▶ **WORK INSTRUCTIONS**:
Please repeat the whole listing exactly, but leave the pictures out.

▶ **COLLECTED DATA**:
================
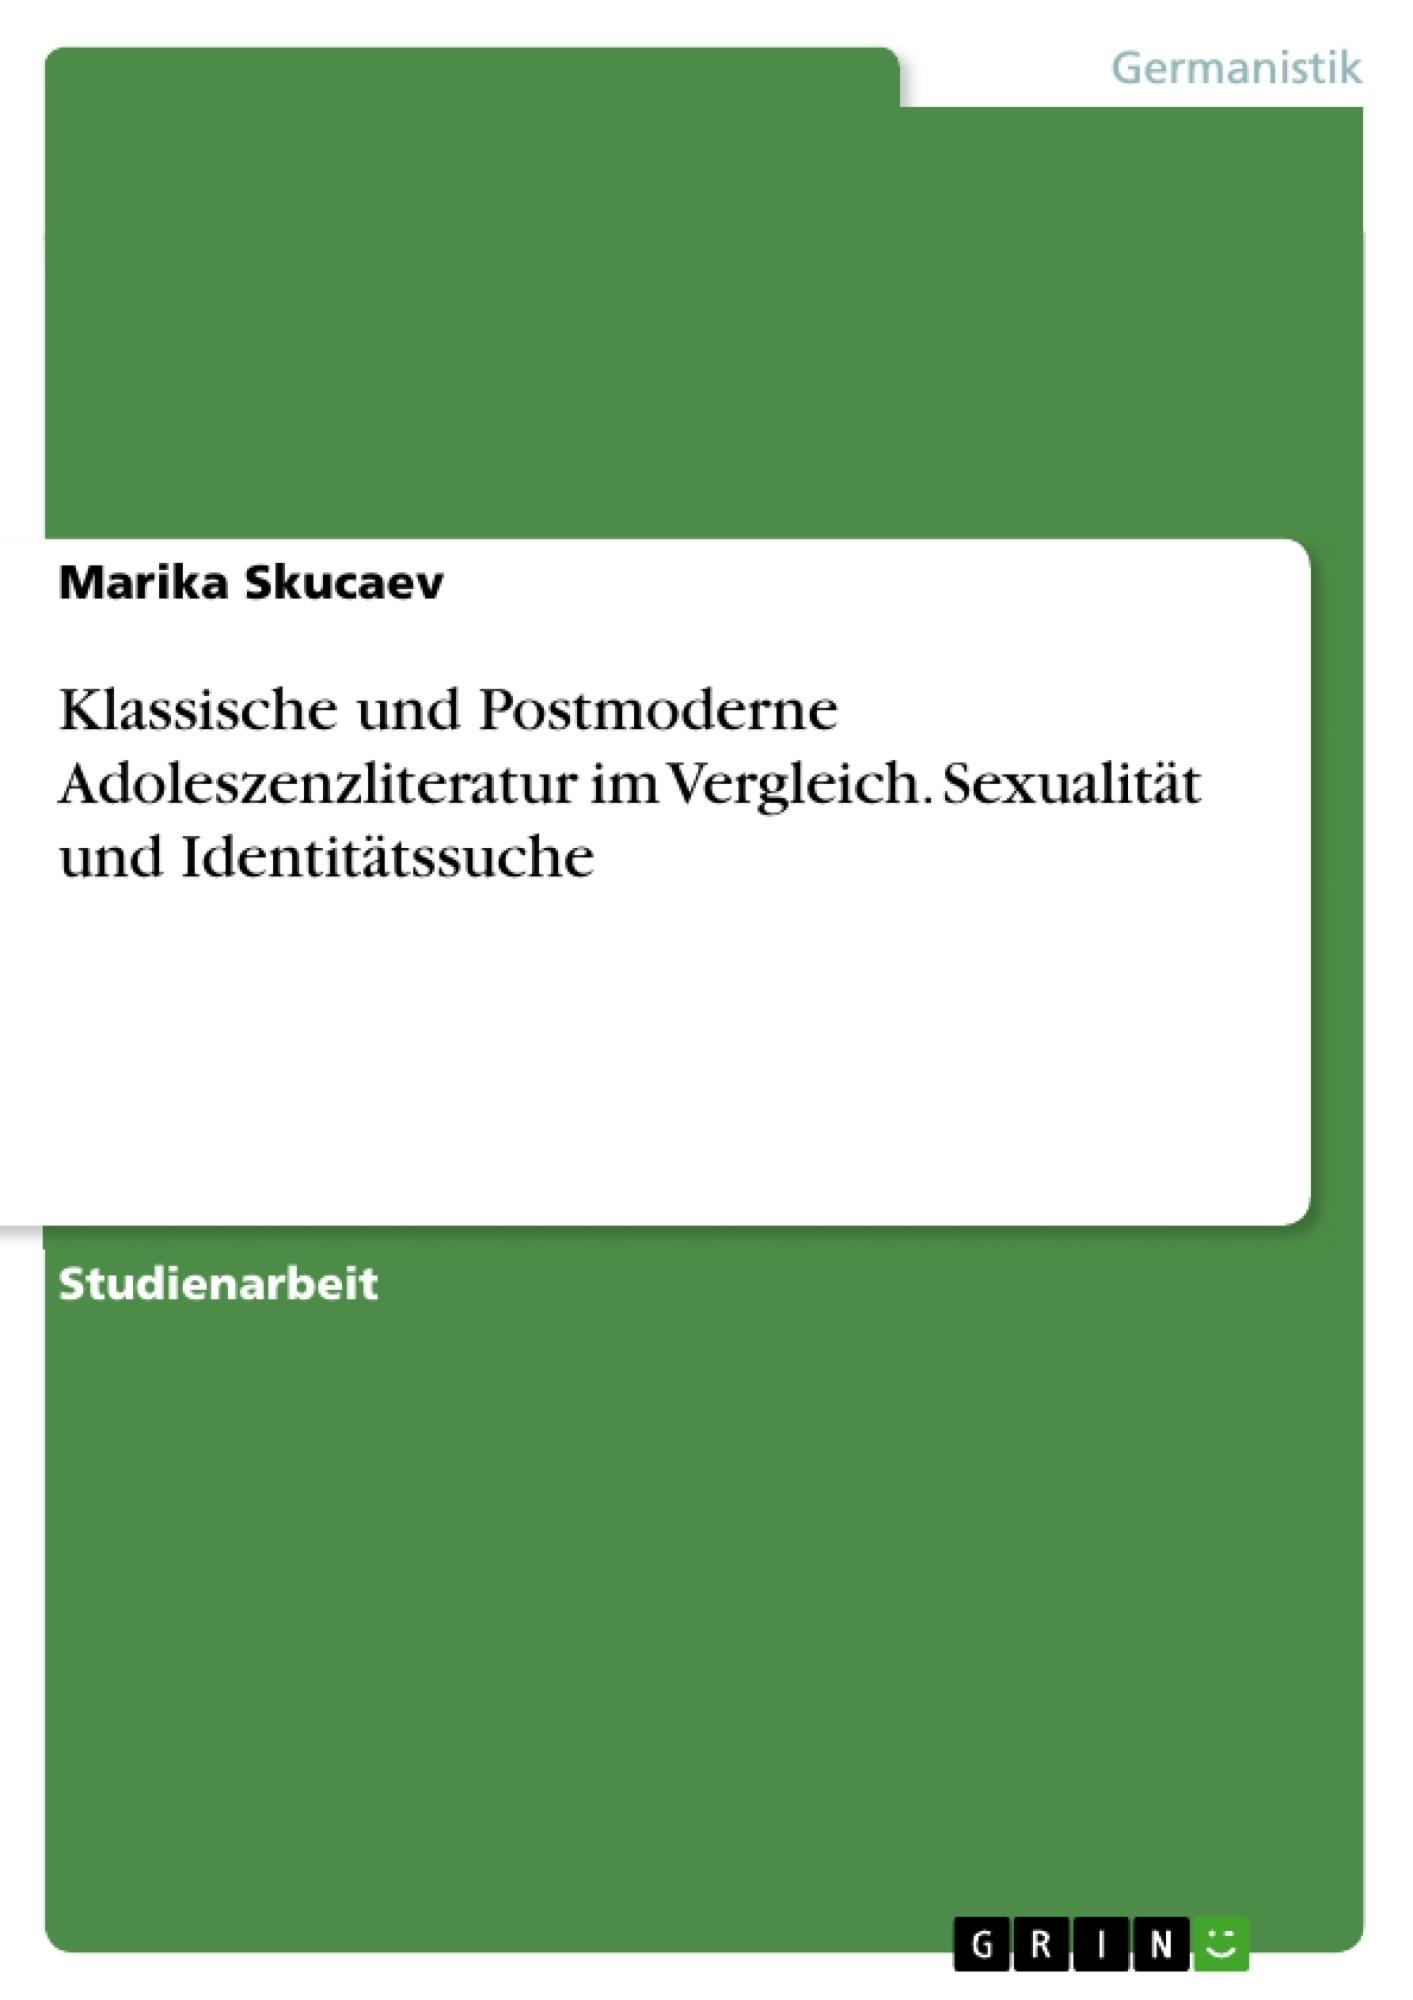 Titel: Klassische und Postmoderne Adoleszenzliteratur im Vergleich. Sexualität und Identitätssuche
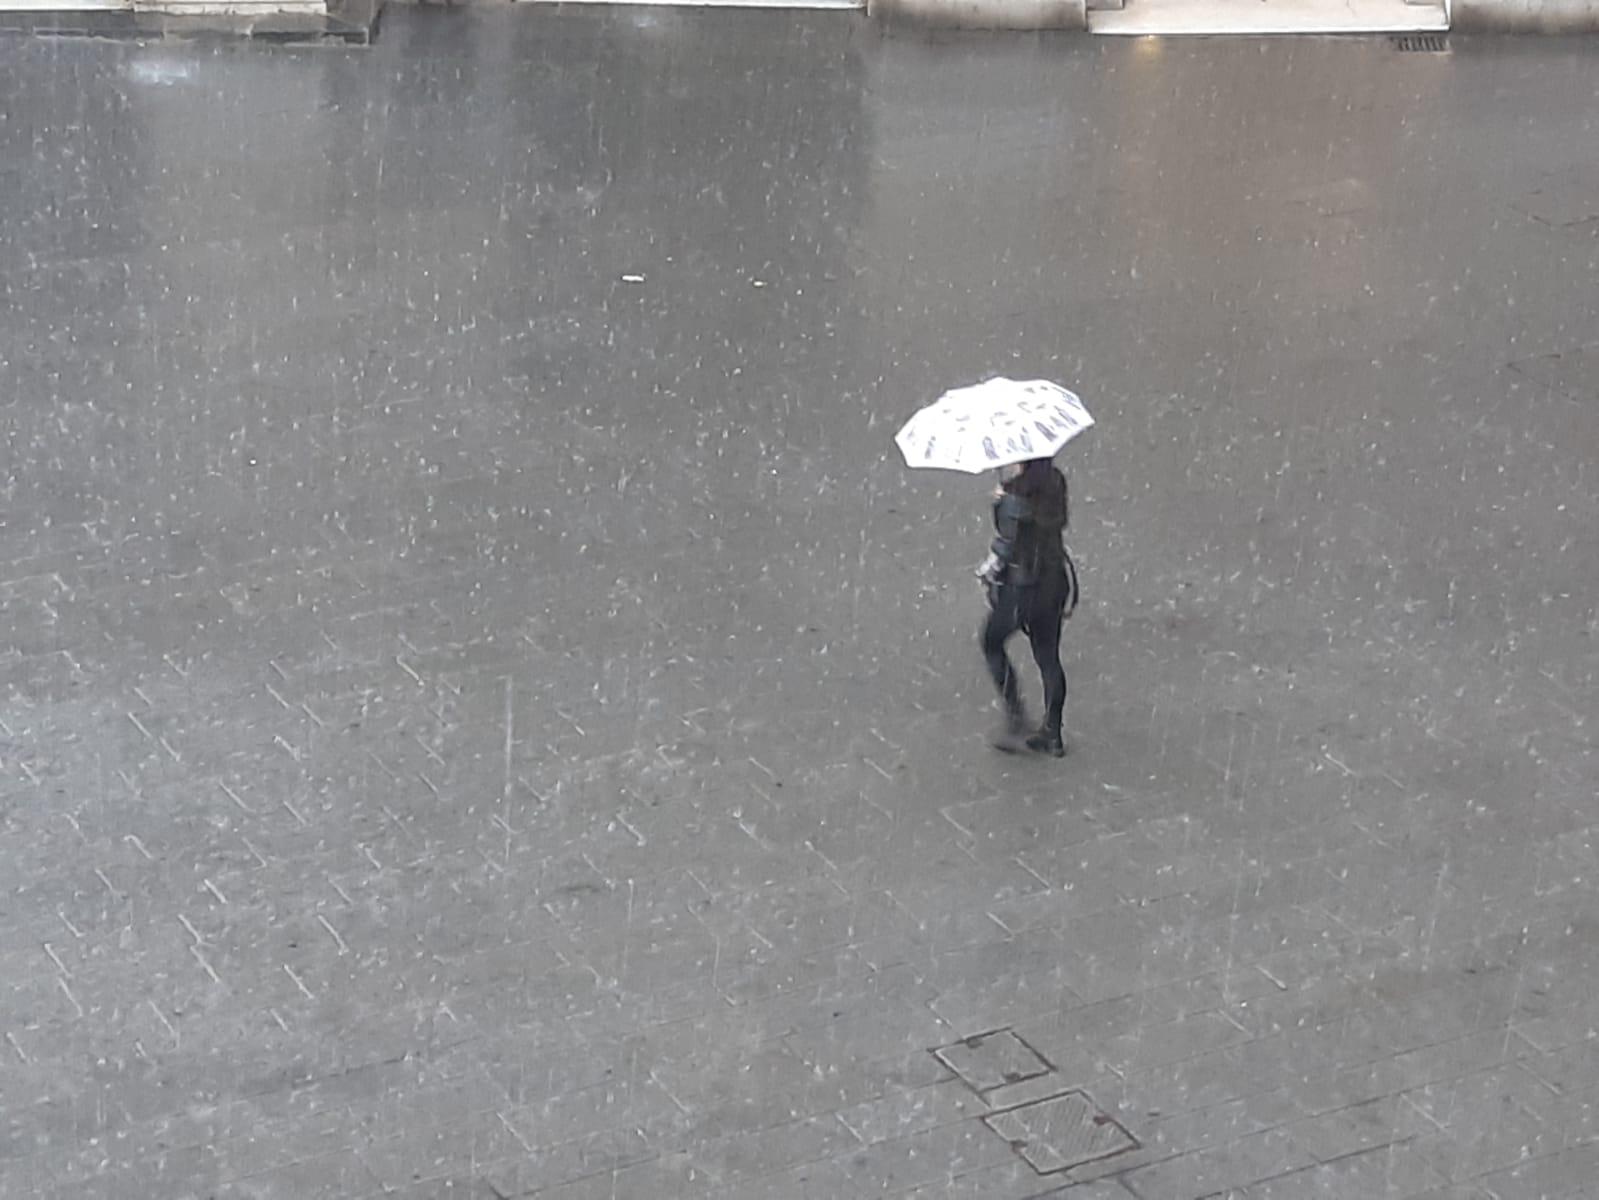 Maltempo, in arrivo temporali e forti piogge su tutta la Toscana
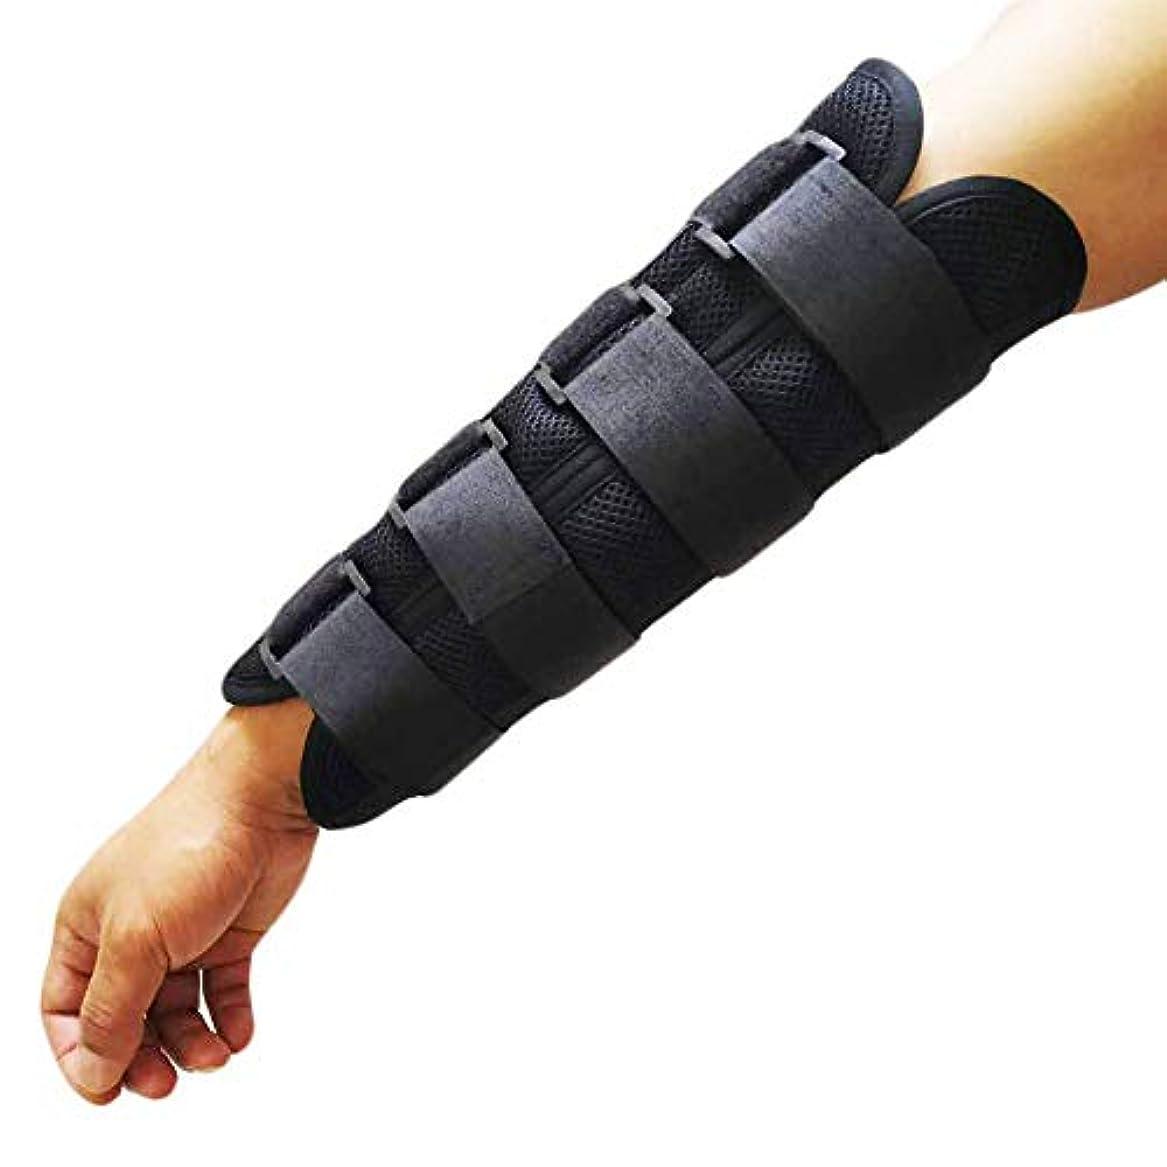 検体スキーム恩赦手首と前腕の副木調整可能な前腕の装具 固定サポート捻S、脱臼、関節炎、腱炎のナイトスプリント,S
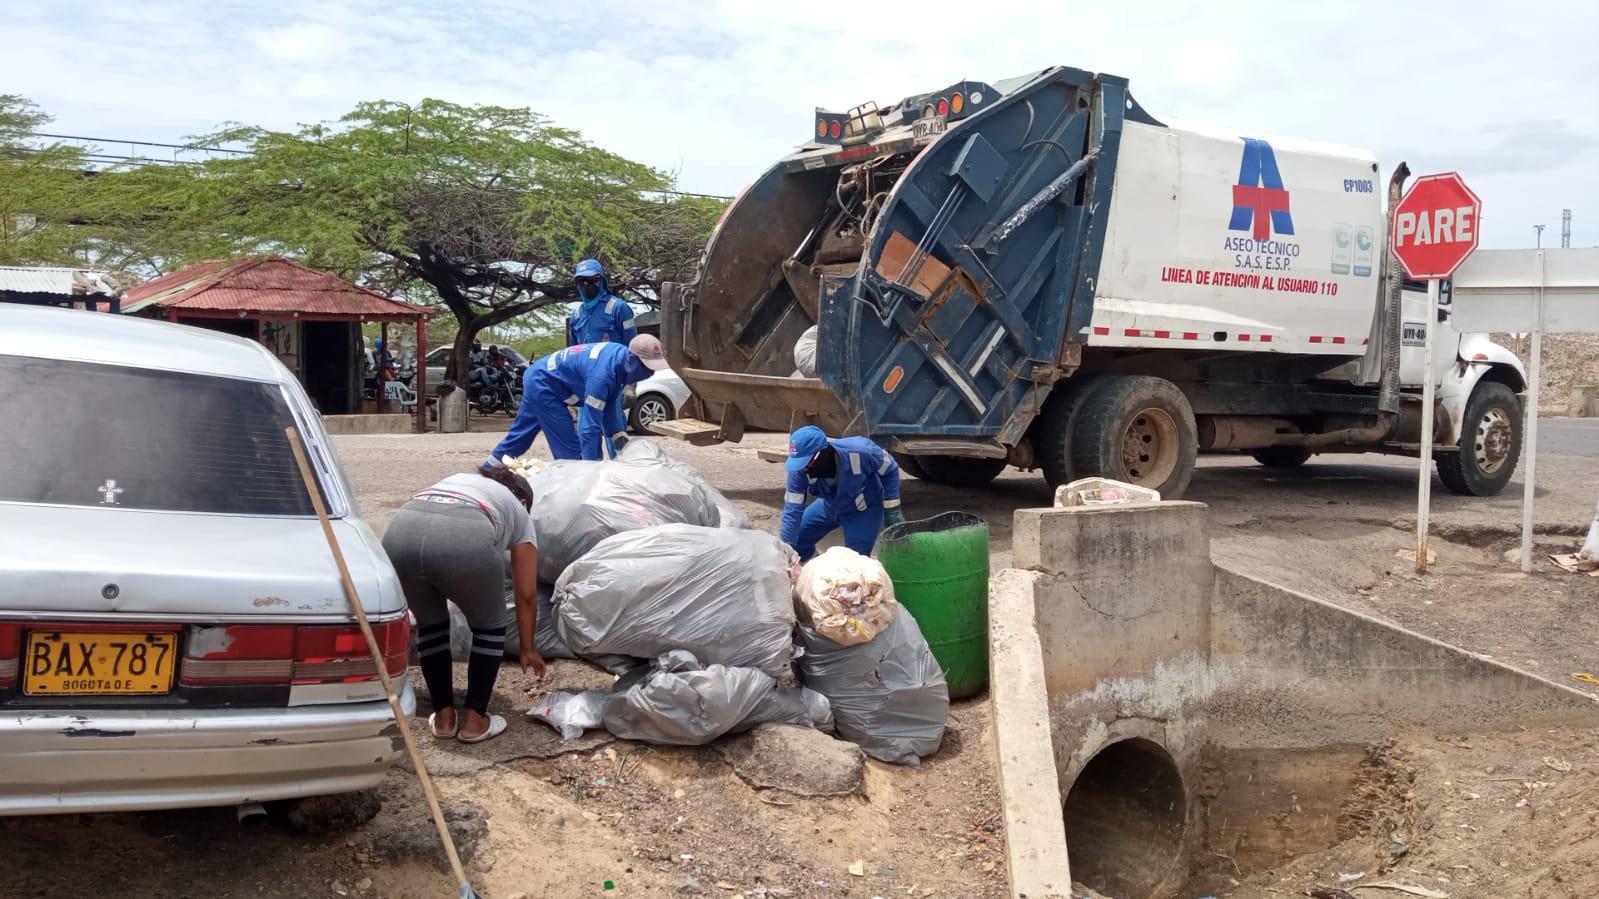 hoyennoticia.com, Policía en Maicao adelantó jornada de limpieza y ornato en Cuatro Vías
================
▶ **TASK RESULT**:
 Titel: Klassische und Postmoderne Adoleszenzliteratur im Vergleich. Sexualität und Identitätssuche
 Maltempo, in arrivo temporali e forti piogge su tutta la Toscana
 検体スキーム恩赦手首と前腕の副木調整可能な前腕の装具 固定サポート捻S、脱臼、関節炎、腱炎のナイトスプリント,S
 hoyennoticia.com, Policía en Maicao adelantó jornada de limpieza y ornato en Cuatro Vías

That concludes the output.